# Installed Michelin X-Ice XI3 tires for the winter



## BradSt (May 2, 2013)

After debating between the Michelin X-Ice, Bridgestone Blizzak WS80, and the Nokian Hakka R2, I decided on the Michelins in the stock size of 215/55-17. In southeastern MI, we don't get a lot of snow, and therefore, I will be doing a lot of dry pavement driving in the winter. I didn't want tires that were too squirmy or wore poorly on those type of days. I do about 100 miles a day with 75 of those miles being 70+mph on the freeway, and hope to get 2 seasons out of these. My buddy has a Cruze as well, and he went with the WS80s, so we will get to do a nice comparison over the next few months.

Initial impressions are good. The tires ride a bit smoother than the OEM Fuel Maxes. You can tell they don't quite roll as well though. Mileage is going to take a small hit for sure, but that was expected. They don't feel overly squirmy, and steering response is decent, but not as good as the stock tires, obviously. They are also very quiet. They will easily be tolerated on dry pavement.

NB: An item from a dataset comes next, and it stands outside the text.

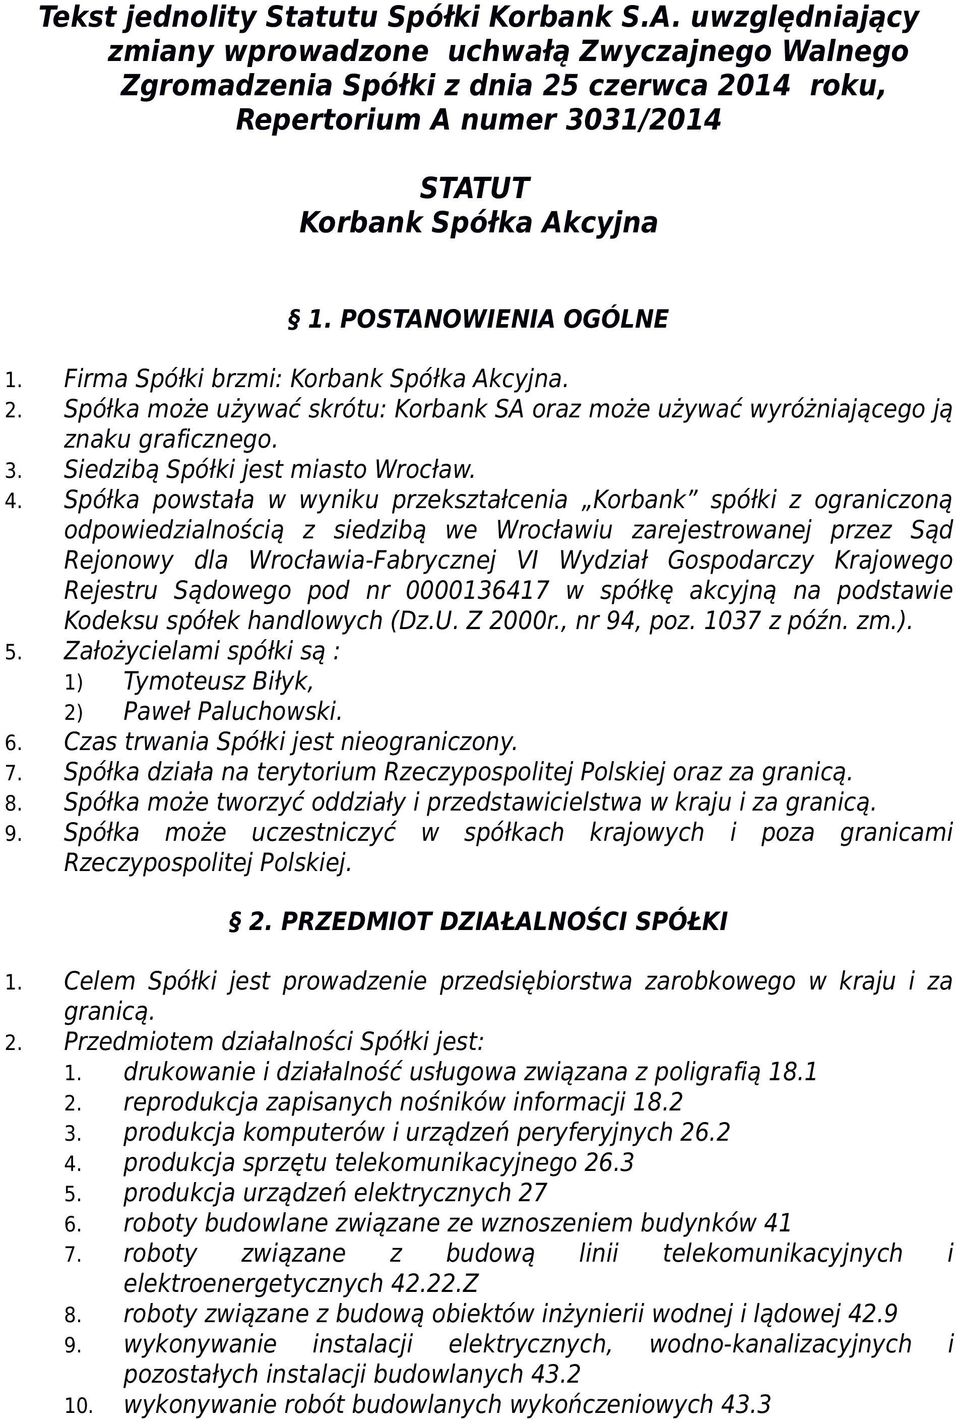 Firma Spółki brzmi: Korbank Spółka Akcyjna. 2. Spółka może używać skrótu: Korbank SA oraz może używać wyróżniającego ją znaku graficznego. 3. Siedzibą Spółki jest miasto Wrocław. 4.

I had a chance to drive my buddy's Cruze Diesel, with the same sized Blizzaks. They really don't feel any worse than the Xi3s on dry pavement. They do make a bit more noise, but nothing thats easily noticed. The real test will come when we get some snow and ice. They look like they will be better when the weather turns bad.

On a side note, when I had the tires installed, the tire place managed to scratch every single one of my wheels, while installing the tires. Then they had the audacity to try to say that they didnt' cause _all_ of the damage. Mind you, I had just hand washed all 4 wheels, and carefully inspected them. They were flawless. I never take my car to tire shops, and let them remove the wheels. I always remove them myself, and take them to the shop, in a truck, to minimize the chances of them damaging them (impact wrench damaging the beauty lug nuts, socking dinging the wheel when they whiz the nuts off, messing up the car on the jack, etc.). The manager was honestly pretty unprofessional about the whole thing, and wasn't apologetic in any way. They also left the valve stem caps off of two wheels, and put the wrong ones on 2 others (weren't the TPMS style, so they didn't screw all the way down). Just left me with a bad taste in my mouth, and I have been a loyal customer there for years. Anyway, they eventually said they would replace all 4 wheels, but I'm sure they will be refurbs, which doesn't really make me happy.


----------



## Sunline Fan (Jul 29, 2012)

That's sad about the tire shop. I too take wheels in myself, so I completely understand your situation. Part of the reason why I have two sets of wheels. I even remove the valve caps before I take them in too. I'm running X-ice on Eco wheels as well, in a similar size because it's all they had available last winter. You'll really love how they perform in the snow and ice.

I run mine at 50 psi, and I notice it wiggles around a bit on the grooved 696. I also notice I have to correct it more when rolling on a highway compared to my summer tires, but it isn't that bad- an easy sacrifice for winter traction.

I suppose you could push for them to cover or split the cost for a new set of Ecos that you can mount your summer tires to!


----------